A member of the Syrian Democratic Forces (SDF)

US-backed fighters gained ground against the Islamic State group in the streets of Raqa on Wednesday, their command said, a day after breaking into the jihadist's Syrian bastion.

The Syrian Democratic Forces have spent months advancing on the northern city and finally thrust into the eastern neighbourhood of Al-Meshleb on Tuesday. 

Early on Wednesday, the Arab and Kurdish fighters captured the neighbourhood and the Harqal citadel to the west of the city, the command of Operation Wrath of the Euphrates said.

The citadel sits on a hilltop roughly two kilometres (just over a mile) from the city limits.

The Syrian Observatory for Human Rights said there was also fighting inside the Division 17 military complex, around two kilometres north of Raqa, but the area had been heavily mined by IS.

The Britain-based monitoring group said the US-led coalition had carried out heavy bombing raids on the city overnight.

Captured by the jihadists in early 2014, Raqa became notorious as a hub for IS's operations in Syria, Iraq and beyond.

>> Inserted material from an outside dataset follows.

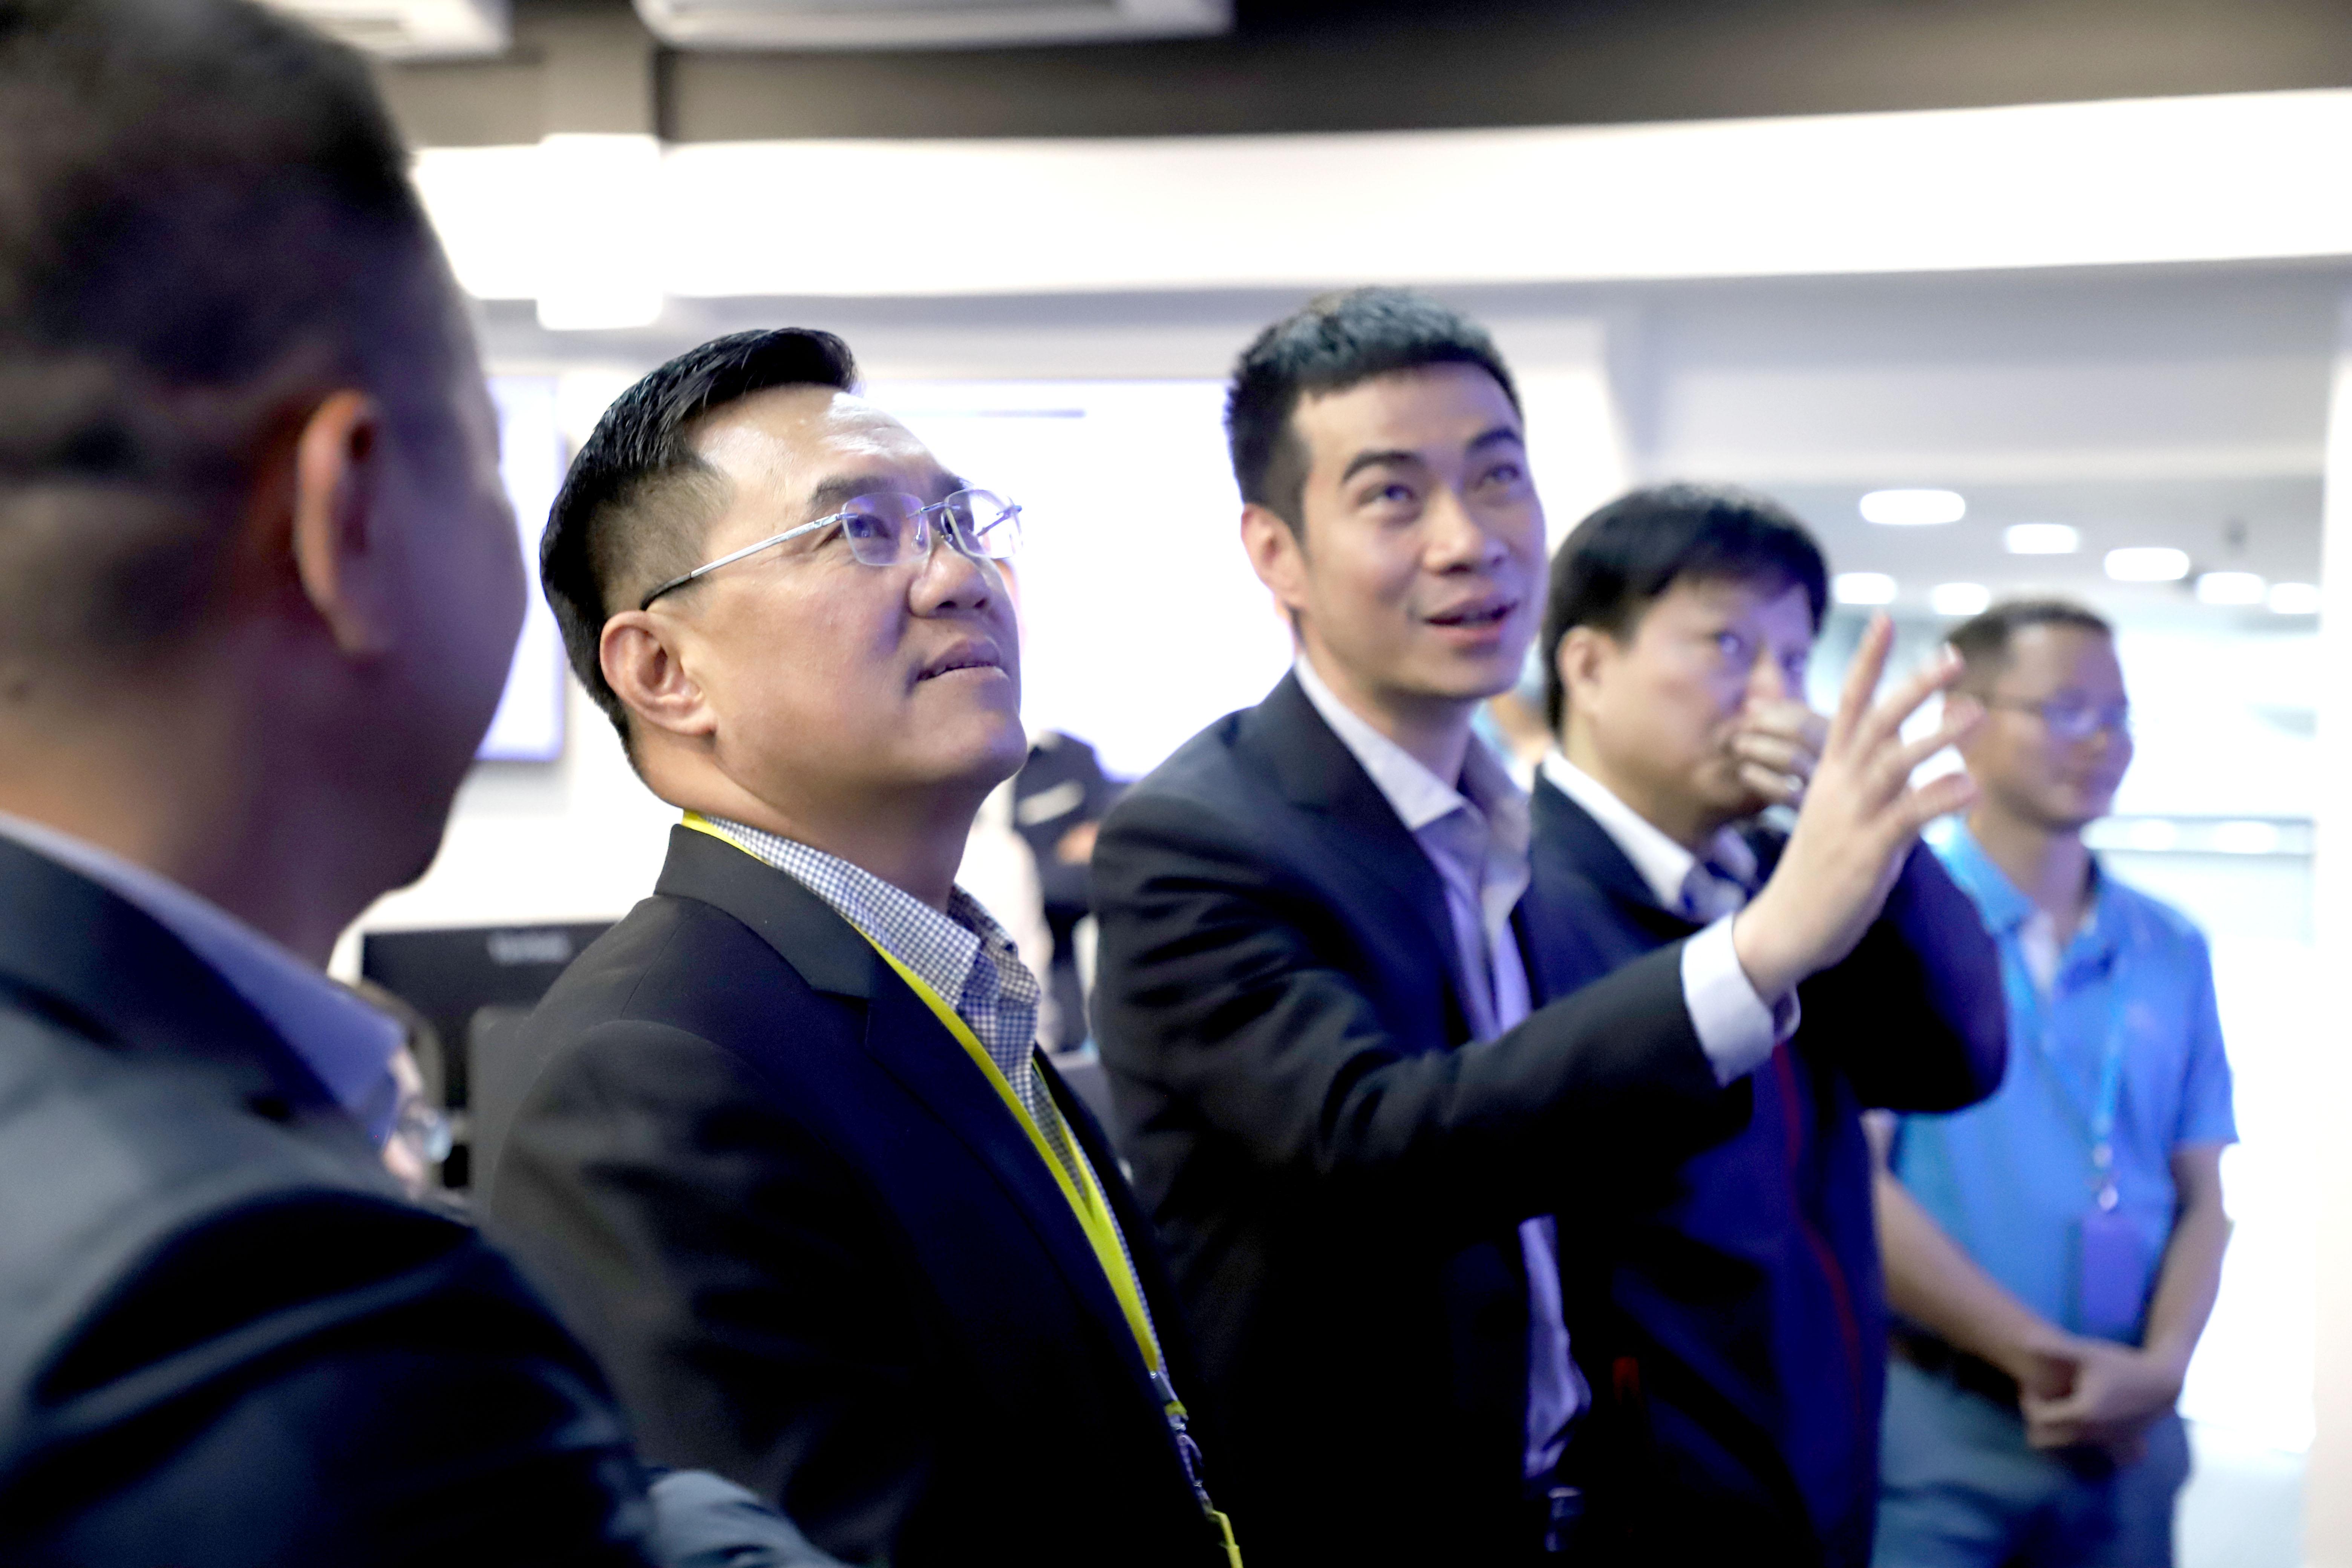 Lãnh đạo cao cấp Tập đoàn Bảo Việt tiếp tục sang làm việc sâu hơn với CMC Telecom về DC và chuyển đổi số

The city has been the scene of some of the group's worst atrocities, including gruesome executions, public displays of bodies and the trafficking of women.

An estimated 300,000 civilians were believed to have been living under IS rule in Raqa, including 80,000 displaced from other parts of Syria.

Thousands have fled in recent months to other parts of the province or to makeshift camps in territory newly captured by the SDF. 

Formed in 2015, the SDF is an alliance of Arab and Kurdish fighters that has been backed by the US-led coalition with air support, military advisers and weapons deliveries.